▶ [Your assignment]
Could you set down the listing below exactly and omit its images?

▶ [Information provided]
%%

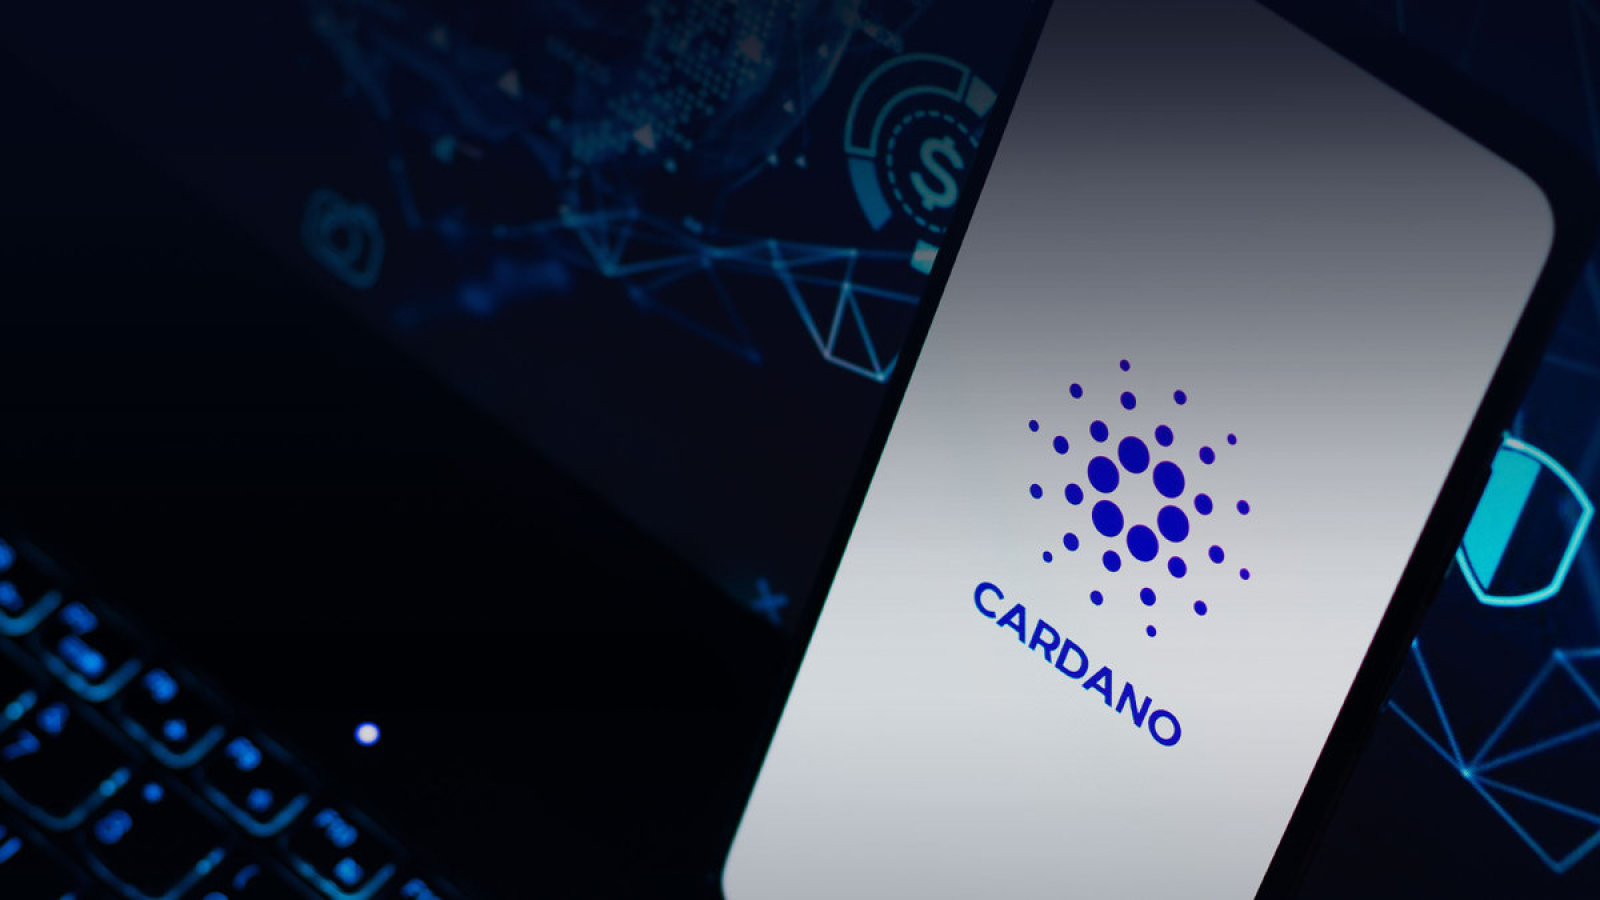 Cardano 'ghost chain' outperforms top blockchains in NFT market
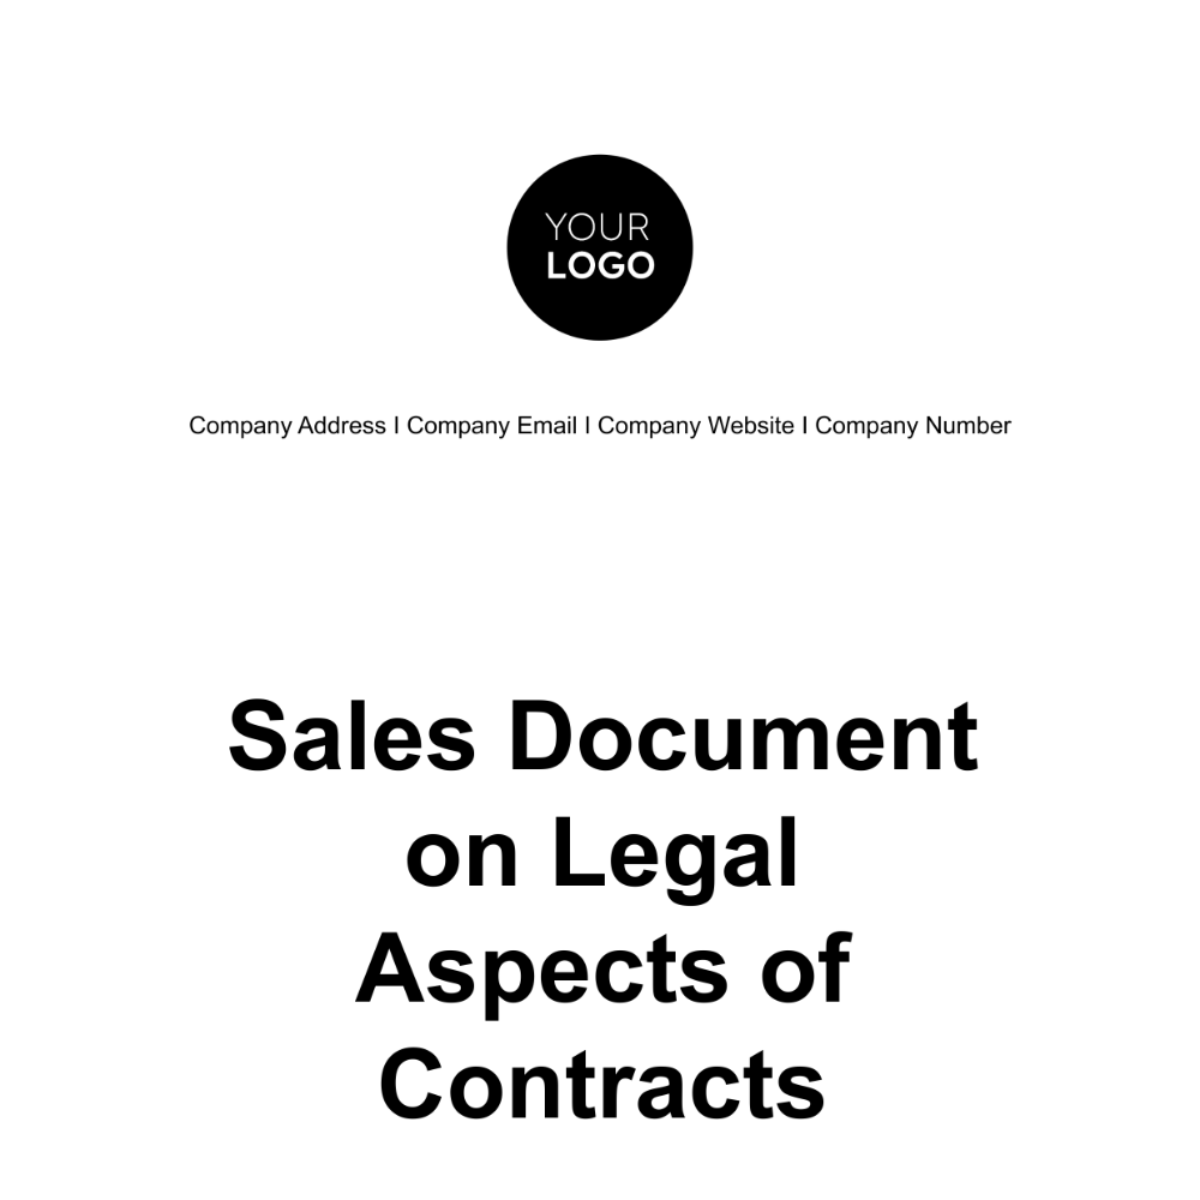 Free Sales Document on Legal Aspects of Contracts Template
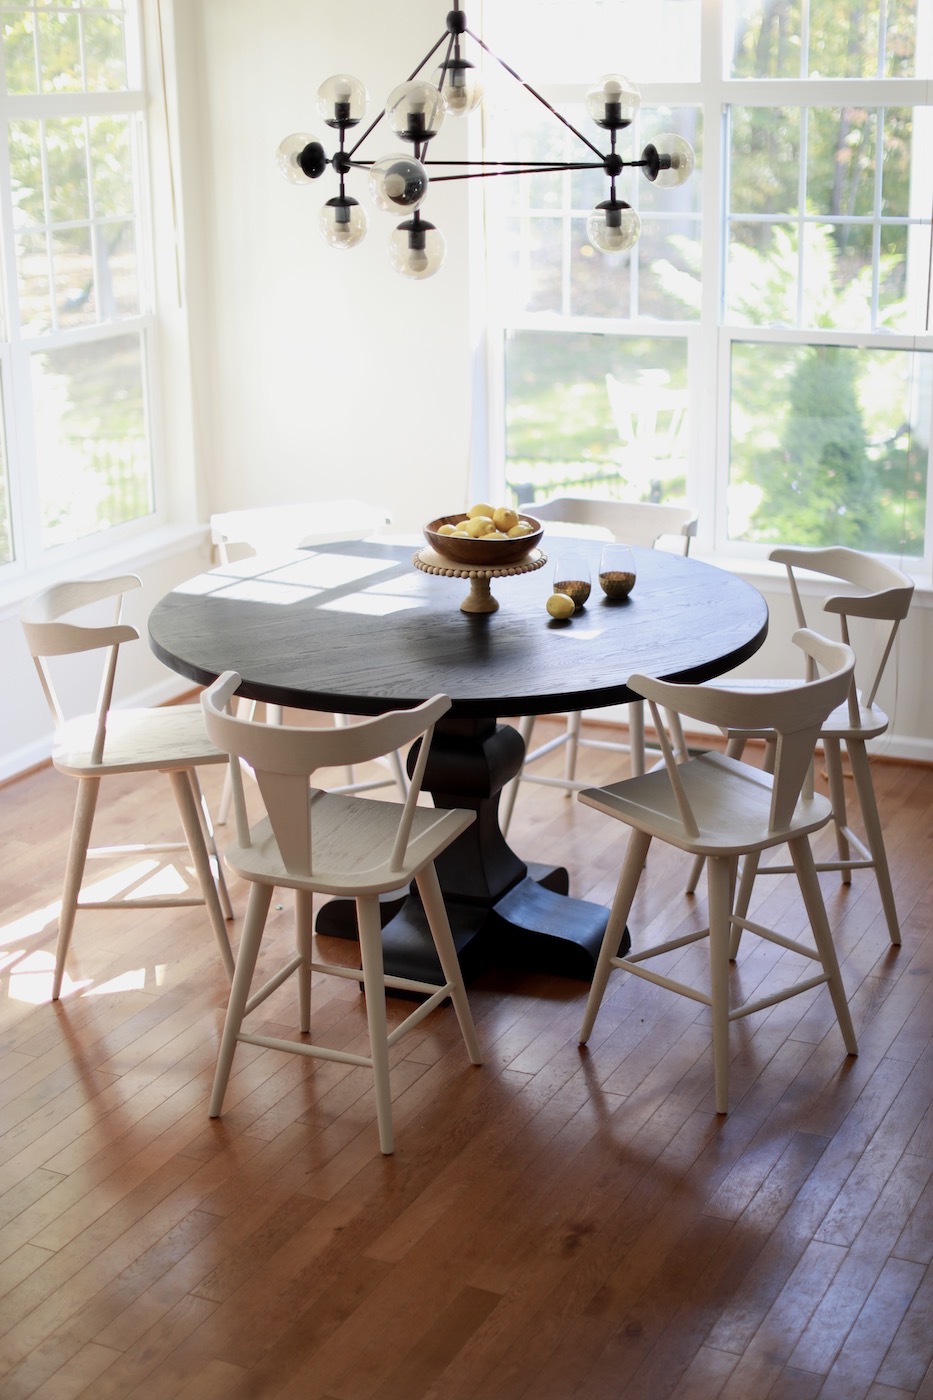 round-dining-table-natural-wood-chairs

%%

▶ [Written reply]
 Cardano 'ghost chain' outperforms top blockchains in NFT market
 Free Sales Document on Legal Aspects of Contracts Template
 round-dining-table-natural-wood-chairs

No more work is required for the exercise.